Reputation: 1955
I am new to the realm of neural networks and just going through my first actual working sample, using the hand written digits MNIST dataset. I have written a code which as far as I can think should be working (at least to some level), but I cannot figure out what makes it get stuck right after reading the first training sample.
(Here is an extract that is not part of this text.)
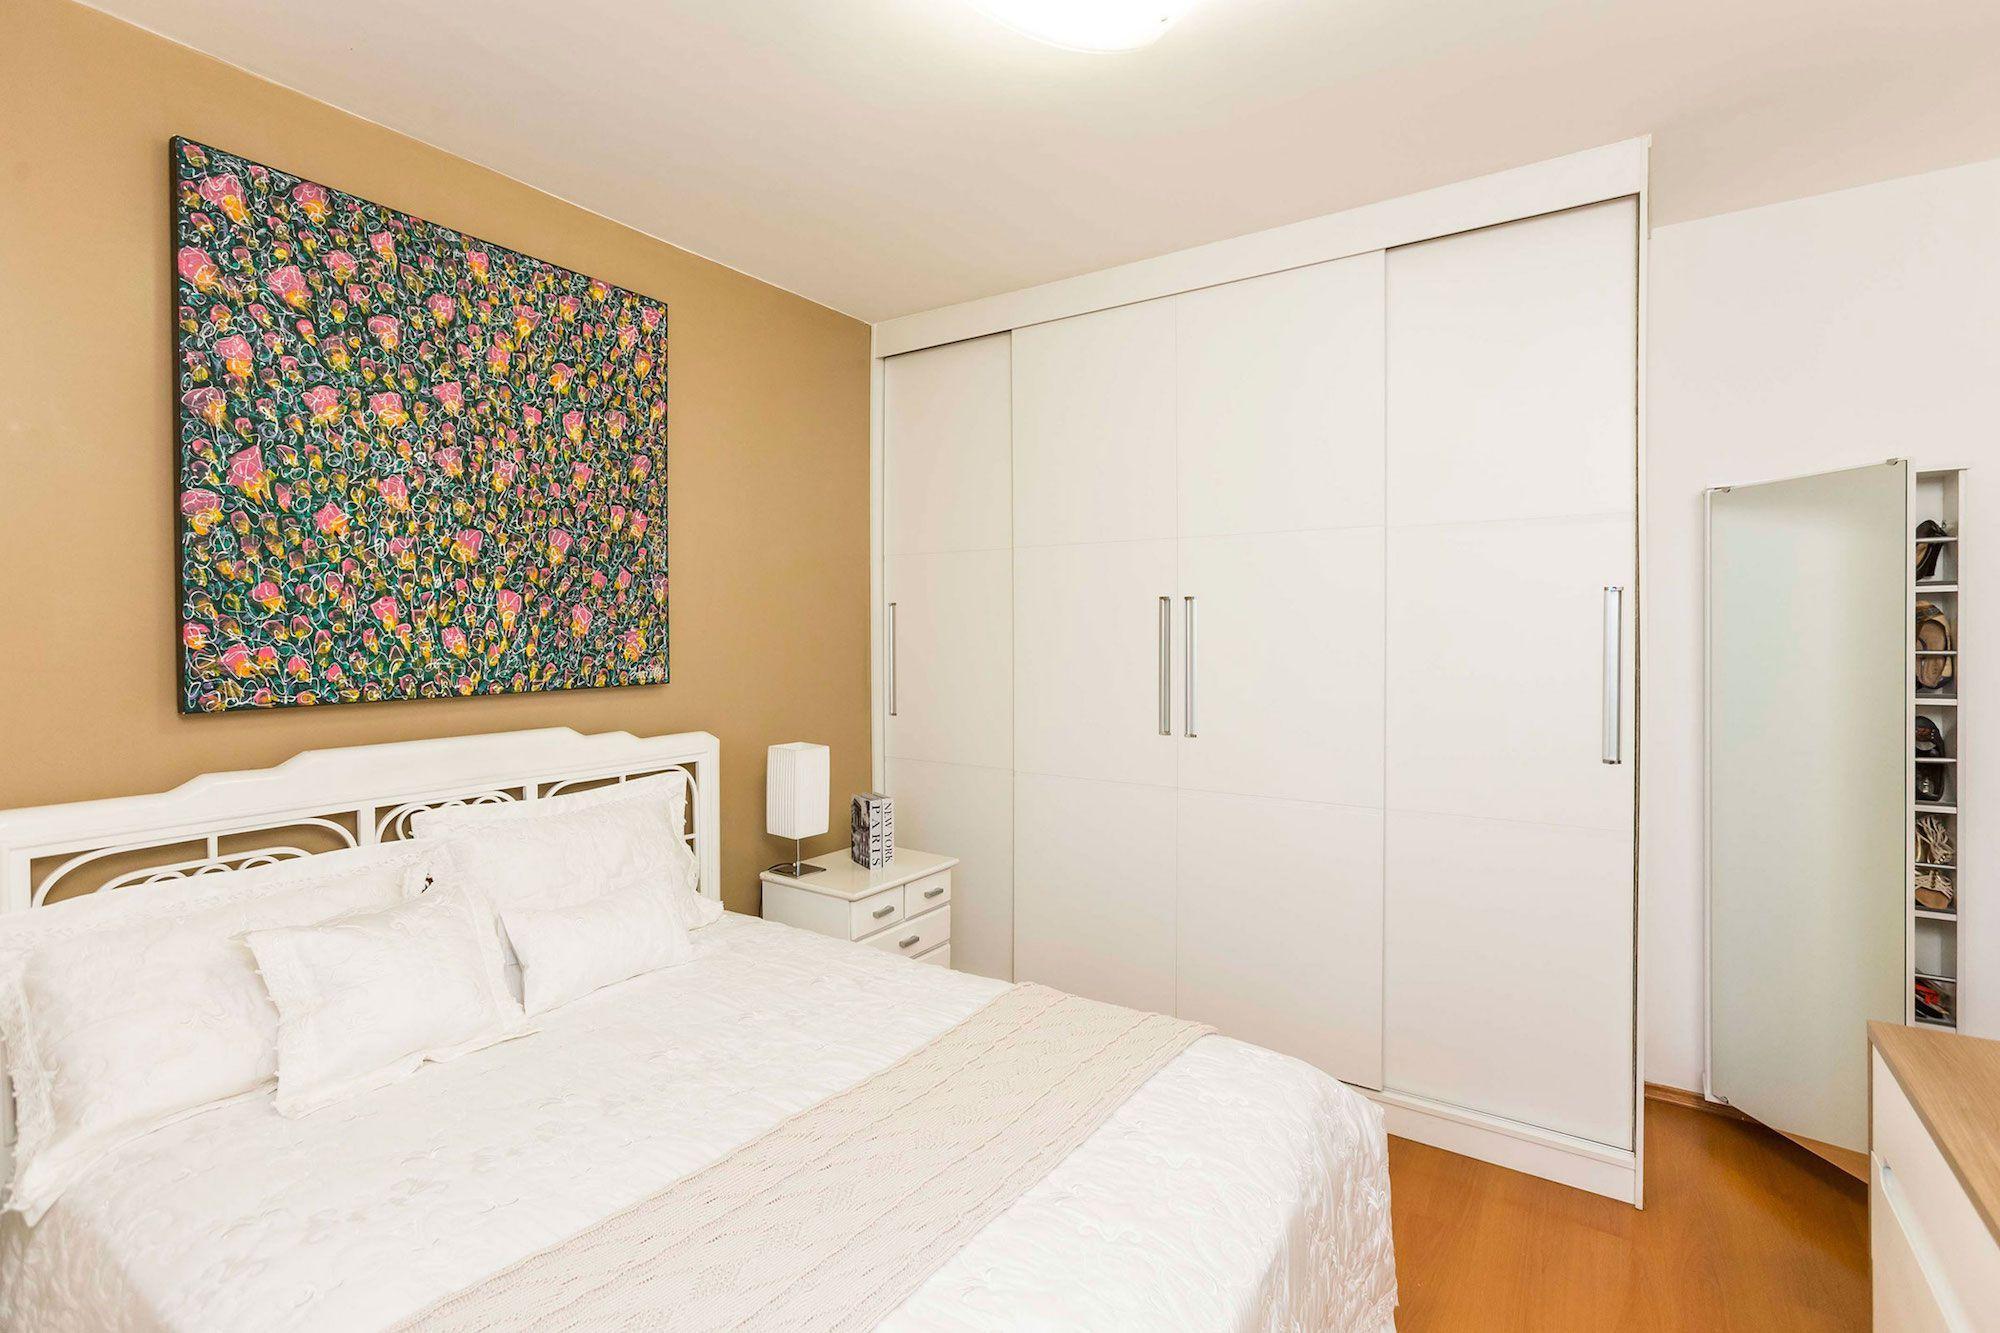 Granja-Julieta-Residence-29

My code is the following:
from keras.datasets import mnist
import numpy as np
def relu(x):
return (x > 0) * x
def relu_deriv(x):
return x > 0
(x_train, y_train), (x_test, y_test) = mnist.load_data();
images = x_train[0:1000].reshape(1000, 28*28)
labels = y_train[0:1000]
test_images = x_test[0:1000].reshape(1000, 28*28)
test_labels = y_test[0:1000]
# converting the labels to a matrix
one_hot_labels = np.zeros((len(labels),10))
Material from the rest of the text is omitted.